Again, I praise God that "He is faithful and just to forgive us our sins, and purify us from all unrighteousness" 1John1:9
Although I made some very poor choices, I remember that Christ and His forgiveness have changed the direction of my life, and He has made such a difference. I realize, as I wept that day at the ladies retreat, I was crying out for forgiveness, for the losses and for healing from the spiritual and psychological pain I had carried for so many years. I had to set aside my feelings of inadequacy, bitterness, and my judgmental spirit and give it all to God so he could heal me.
Now I have to make sure I am following the right path.
Proverbs 3: 1-6 "Don't forget God's teaching, keep His commands in your heart. Let love and faithfulness never leave your heart. Trust in the Lord with all your heart and lean not on your own understanding. In all you ways acknowledge Him and He will direct your paths."
Psalm 119: 105 "Your word is a lamp unto my feet, and a light unto my path."
This means learning what God wants for my life, and how he wants me to live.

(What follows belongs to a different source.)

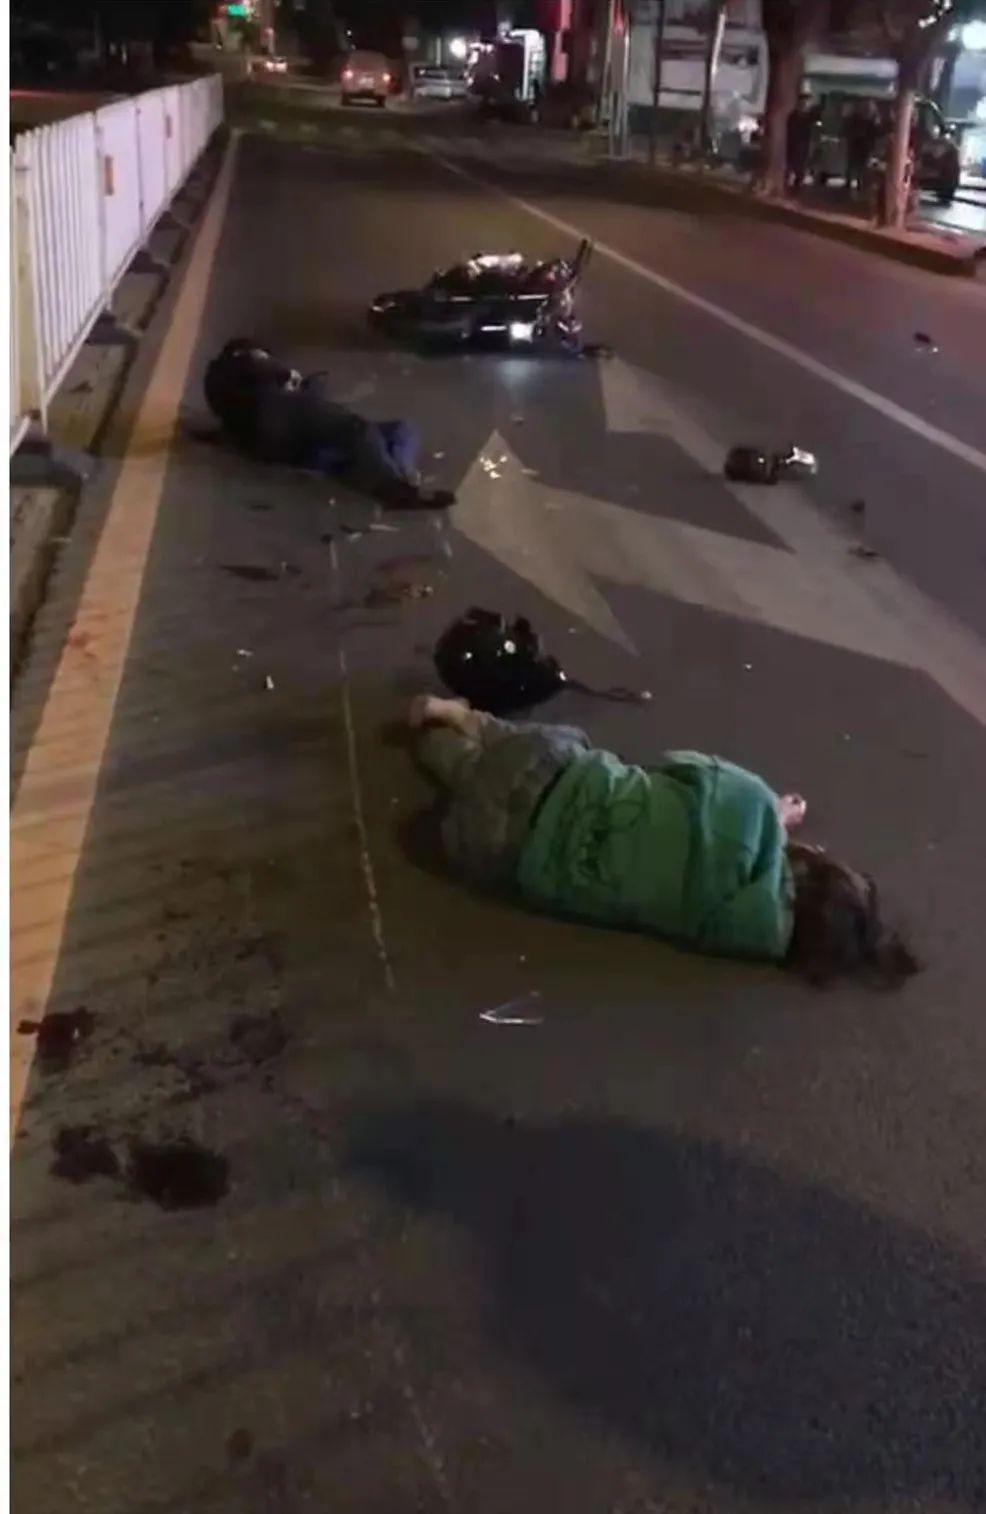 惠�一摩托�撞上�?吭诼愤�小�,一男一女�w出�凳�米,倒在地上......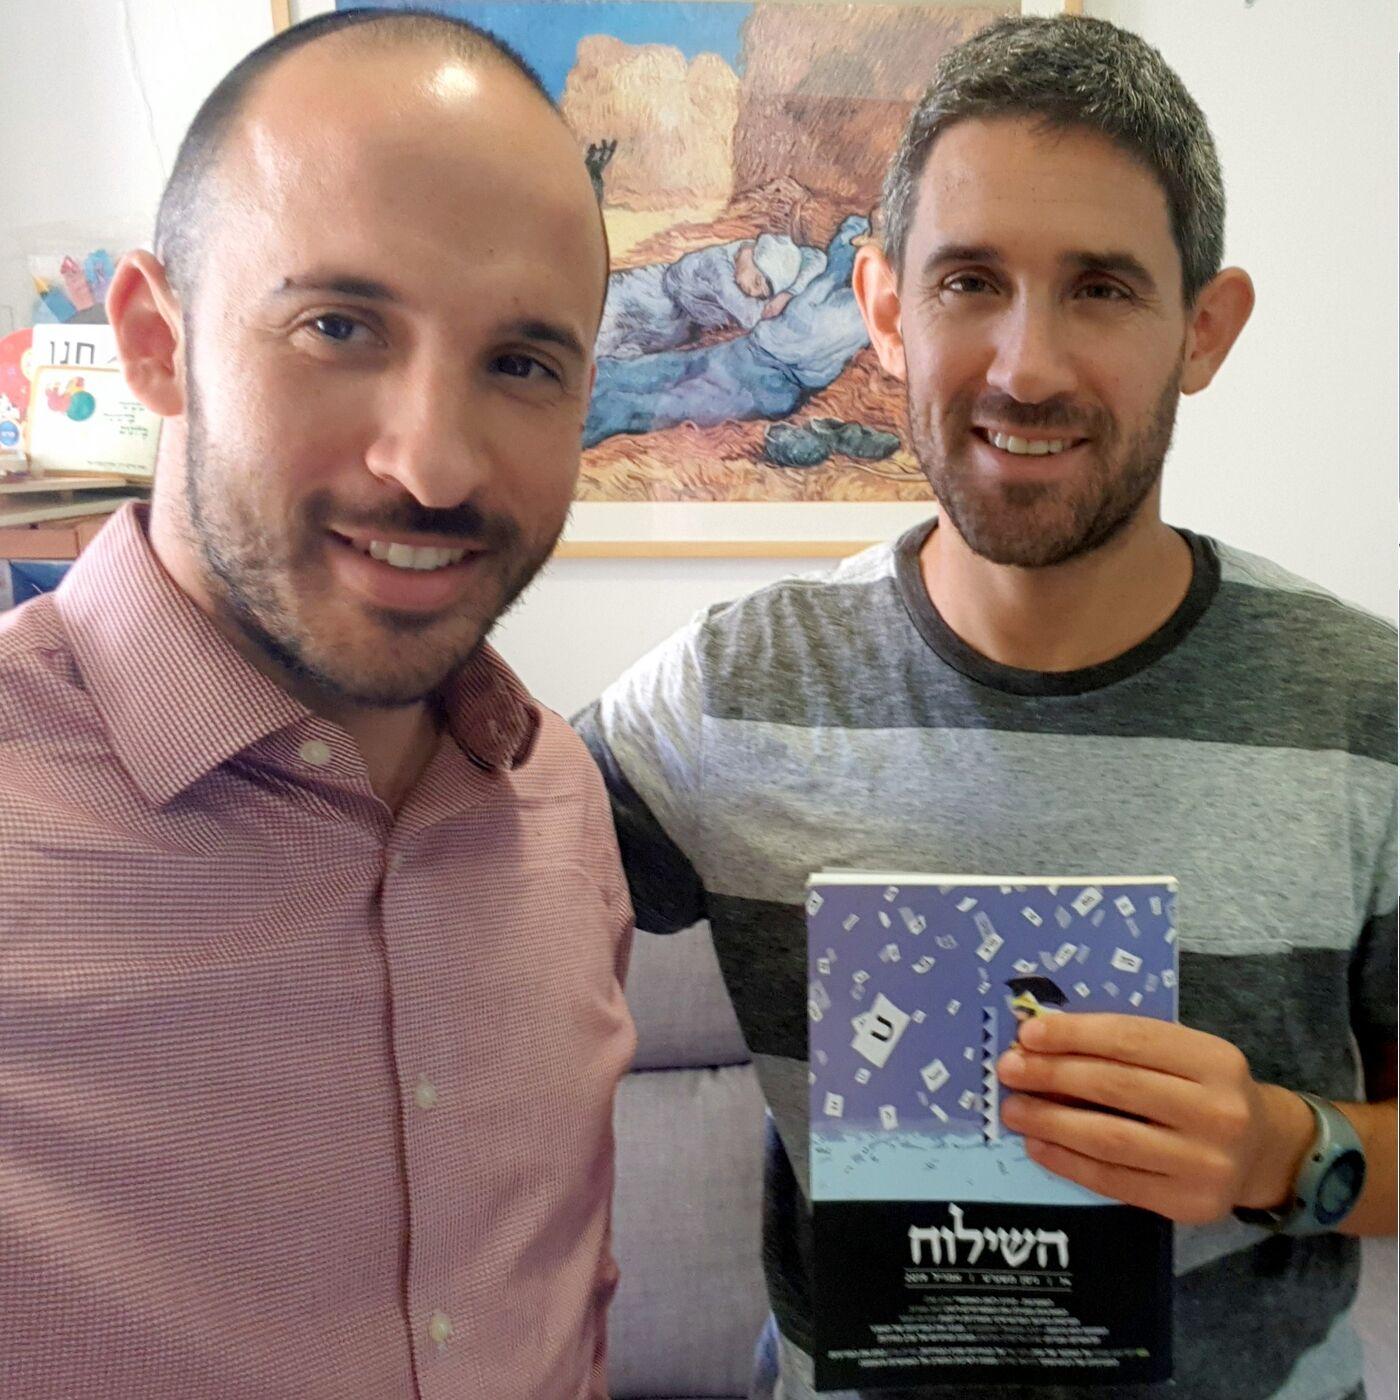 אברום תומר: הילד במרכז והבלבול מסביב: החינוך הדמוקרטי ושברו

I must read God's word, this is how he speaks to us, and I need to take time to listen for his direction. This is a very difficult thing for me to do. I can always find time for many other things, but I know I must set aside time for God's direction. When I am quiet while walking or driving, I find I have great times of reflection, and deep thoughts about God, and what he has done for me. I also need to learn to pray. I need to acknowledge who God is: our father, holy one, our shepherd, guide and director - he leads us if we are seeking his will, and continually ask Him to forgive me.
There are many other verses I could add to this on our Spiritual well being, and teaching the children etc. and maybe I will add them later.
I want everyone to fully understand what God has done in my life, what a great change He has made. He softened my heart using His magnificent out doors, and showed me His amazing power to heal. He gave me great friends, and a greater appreciation for them. God has claimed me as His own, forgiven the many sins I committed against Him and my family, and set me free!. When I asked my husband Rob to forgive me his reply was already done. God had worked in a mighty way in his life as well.
My attitude has changed, I now have a new song in my heart.
Music as you can see has played a very big part in my life, as well as nature.
God has given me a love beyond understanding for Rob and my family. Where I used to think only of myself, with God's help I now consider others. I pray that each person who reads this will experience God's love, and all that he has to offer you.